Another once-so-popular scripting language is Tcl, and let’s have a closer look at it.

Tcl

An extendable language, born out of frustration with having to build custom command languages again and again, is in fact very simple.

A script is a sequence of commands, like “turn led on”, here “turn” is the command name, “led” and “on” are just words passed as parameters to the command.

There is no data types other than a string. Square brackets inside the strings are interpolated, e.g. the expression inside the brackets is evaluated and its result is put into the original string. For example, in puts [add 1 2] the square brackets part gets substituted by 3 and then puts 3 is executed.

This approach is definitely slow, but it is what makes Tcl interpreters so simple. All the language does is string substitution. The only place where no substitution happens is braces. That’s why the following is just a 5-word command, and not a special language syntax:

if {$x > 0} {
	puts "Positive"
} else {
	puts "Negative"
}

The command is if, the second word is $x > 0 (which is substituted later by the command internally), the third word is {puts Positive}, then else, then{puts Negative}. If substitutes the second word and evaluates the third or the fifth one depending on the result. Loops, procedures etc - everything is just a command operating with strings.

Existing interpreters

The most powerful one is tclsh, and it probably comes with your OS. It’s too big for microcontrollers, but it has a large standard library of commands and has lots of documentation.

There is also lil, the Little Interpreted Language. In fact, I got a chance to use it on a MIPS controller once, it was a pleasant experience, the source code is easy to understand. I met the performance bottleneck very quickly, but I’ve rewritten some critical procedures as C commands, so it’s not a big problem. Too bad the author have removed Git repos and his site looks broken now.

Finally, there’s picol made by Antirez (the guy who created Redis and JimTcl). It’s worth reading - only 600 lines of amazingly simple code.

Partcl

Inspired by these projects, I decided to build my own Tcl interpreter over the weekend. My goals were:

  • Extreme minimalism. It should fit on an MCU with 16K of NAND.
  • It should be easy to extend by writing your own commands in C.
  • All parts should be isolated and should be easy to replace/customize.
  • Default implementation should prefer size over performance.
  • Lexer should tell when the end of the command is met so that we could read user input byte by byte and execute command only when it’s fully read.
  • All parts of the interpreter should be covered with tests.

It took Antirez three hours to finish his Picol, it took me 3 days to finish my project. Apparently, I’m not that smart. Still, I’m very satisfied with the results - I ran my TCL interpreter on a STM32F051 microcontroller and firmware size was only 10KB!

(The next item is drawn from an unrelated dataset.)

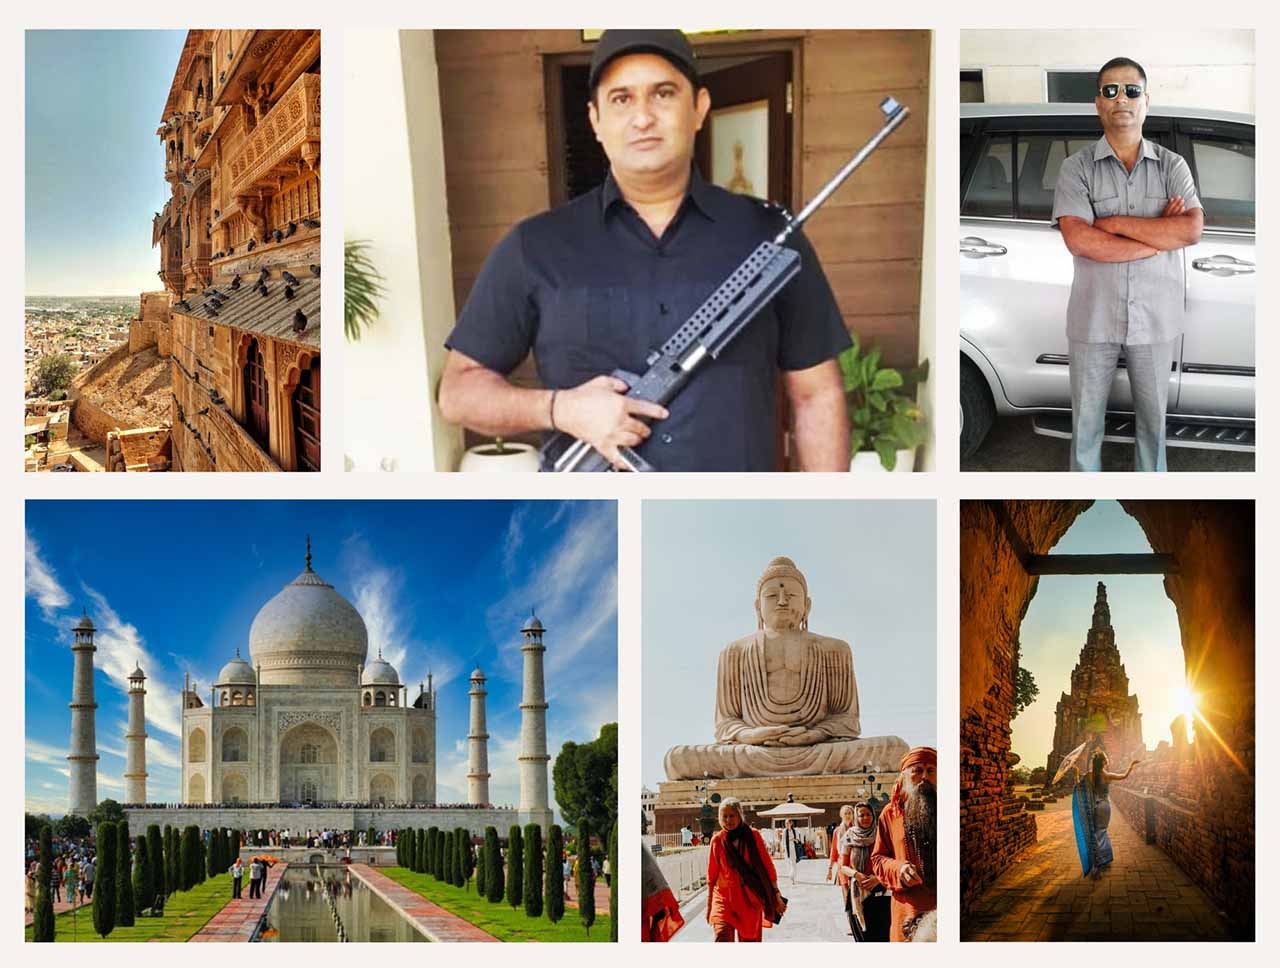 bodyguard service for tourits in India
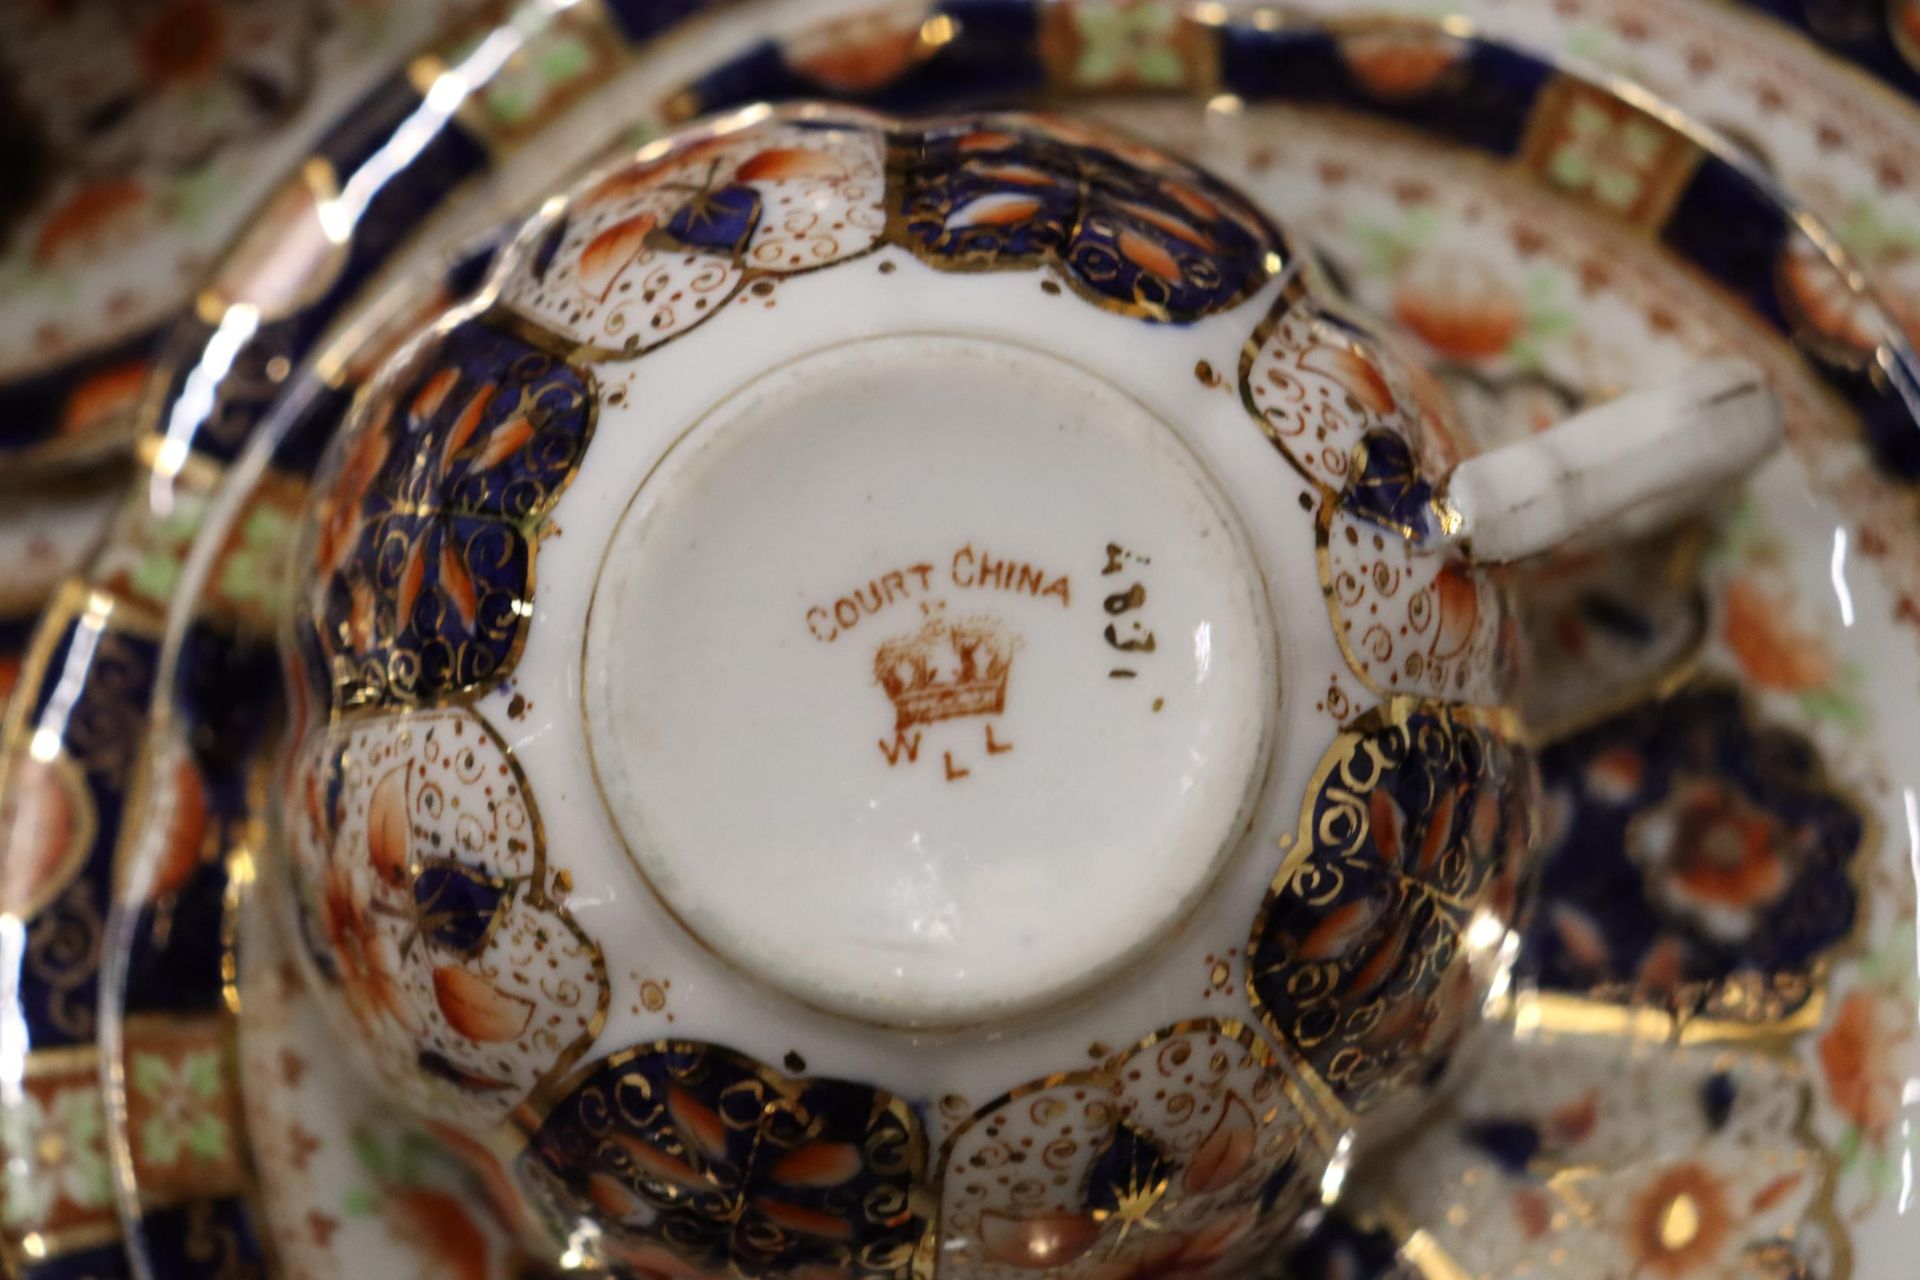 AN ANTIQUE 'COURT CHINA' TEASET TO INCLUDE CAKE PLATES, CUPS, SAUCERS, SIDE PLATES AND A SUGAR BOWL - Bild 9 aus 9

Although partcl is a toy language, you might want to give it a try in your next project, so let me explain how it works.

Lexer

Any symbol can be a part of the partcl word, except for the following special symbols:

  • Whitespace symbols: space and tab, used to delimit words
  • Command terminators: newline, semicolon or EOF
  • Grouping or substitution: square brackets, dollar sign, quotes, braces

Partcl lexer has special helper functions for these char classes:

static int tcl_is_space(char c);
static int tcl_is_end(char c);
static int tcl_is_special(char c, int q);

tcl_is_special behaves differently depending on the quoting mode (q parameter) because semicolon, braces and new line lose their special meaning and become regular printable characters inside the quoted strings.

The whole lexer is implemented in a single function:

int tcl_next(const char *s, size_t n, const char **from, const char **to, int *q);

tcl_next function finds the next token in the string s. from and to are set to point to the token start/end, q denotes the quoting mode and is changed if double quote is met. It’s very efficient because it doesn’t allocate any memory and it doesn’t mutate the original string (making it possible to store scripts in ROM).

A special macro tcl_each(s, len, skip_error) can be used to iterate over all the tokens in the string. If skip_error is true - then unexpected EOF is not considered to be an error. This allows to validate the input string without evaluating it and detect when a full command has been read.

A good use case is reading commands from the serial port byte by byte. You can accumulate data in a buffer without executing it until the lexer reports the end of command. Then you can execute the command and reset the buffer.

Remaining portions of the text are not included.